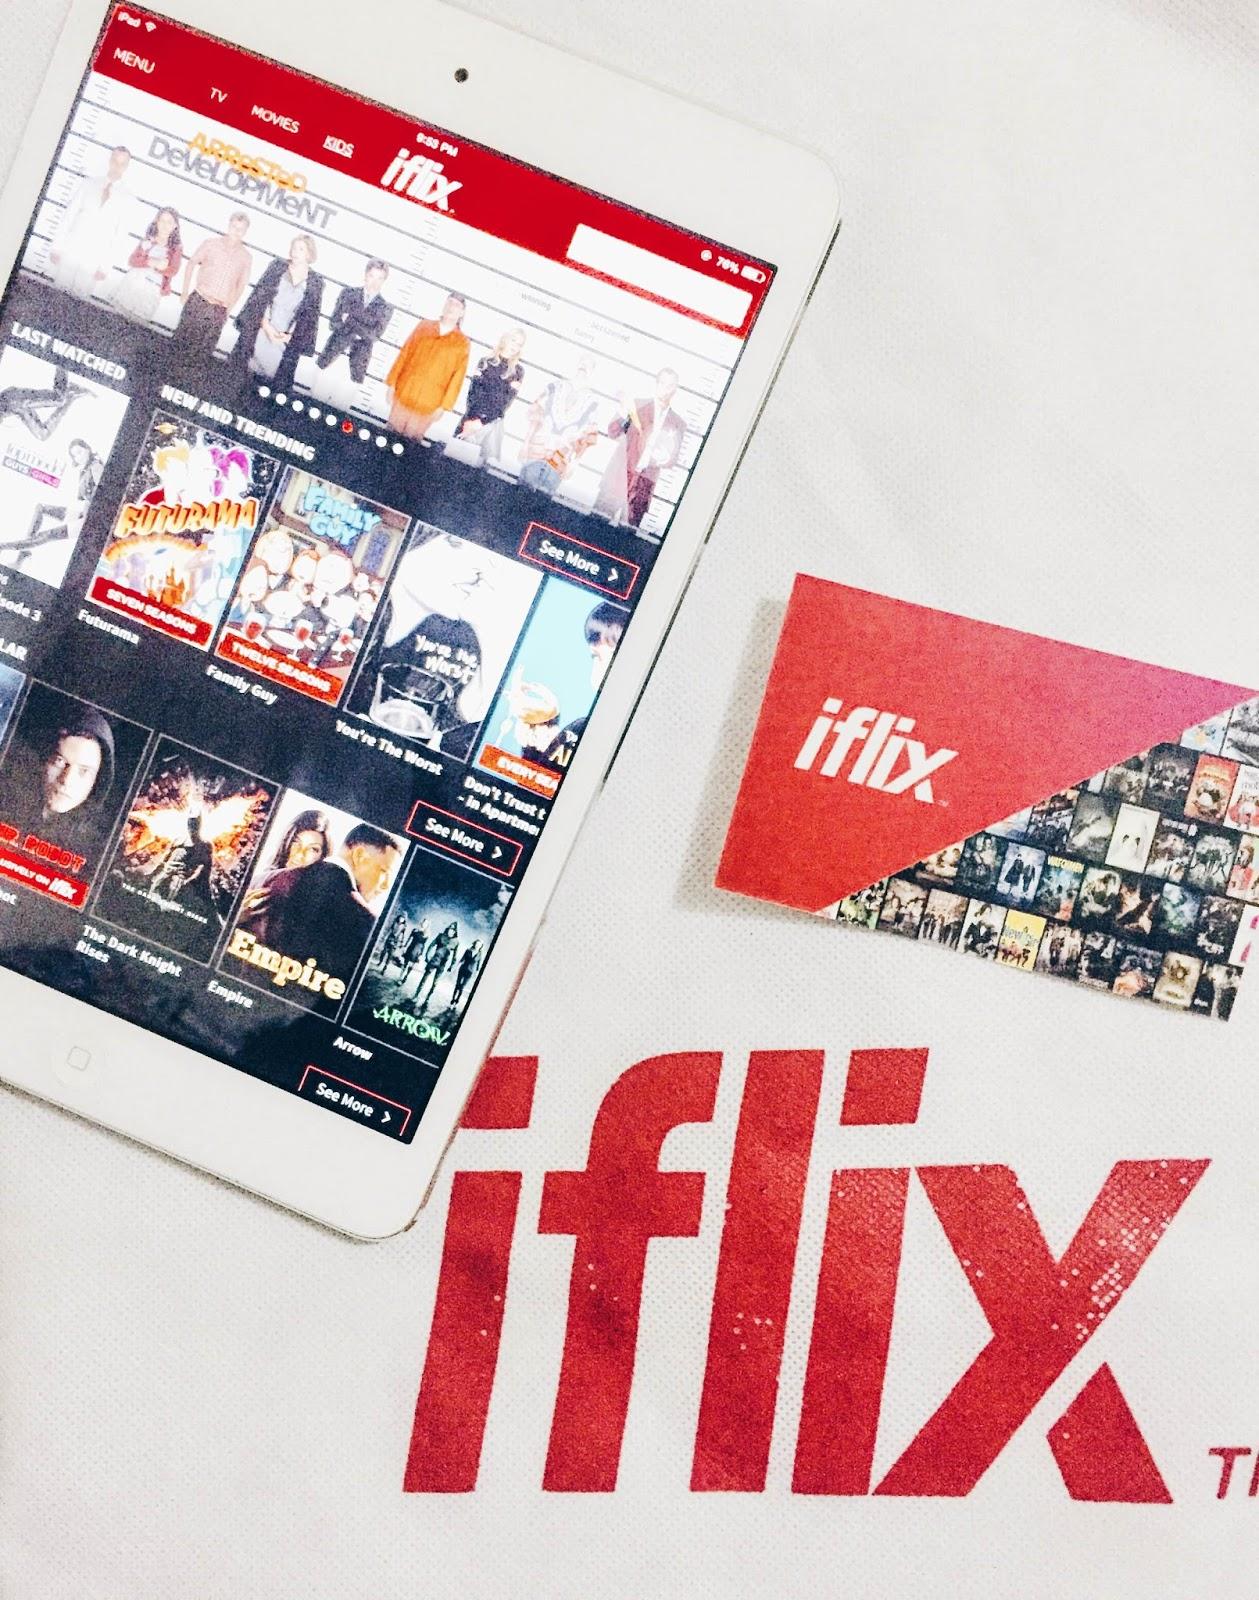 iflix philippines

-------------------------

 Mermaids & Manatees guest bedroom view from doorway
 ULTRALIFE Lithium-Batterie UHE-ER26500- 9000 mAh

-------------------------

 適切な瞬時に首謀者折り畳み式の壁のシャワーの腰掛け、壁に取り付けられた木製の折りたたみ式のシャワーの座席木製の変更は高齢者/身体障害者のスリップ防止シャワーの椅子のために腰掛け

-------------------------

→ About this task
Return exactly, and only, the lines above starting at the line that contains "Mermaids & Manatees" and ending at the line that contains "ULTRALIFE Lithium-Batterie UHE-ER26500- 9000".

→ Answer for this exercise
 Mermaids & Manatees guest bedroom view from doorway
 ULTRALIFE Lithium-Batterie UHE-ER26500- 9000 mAh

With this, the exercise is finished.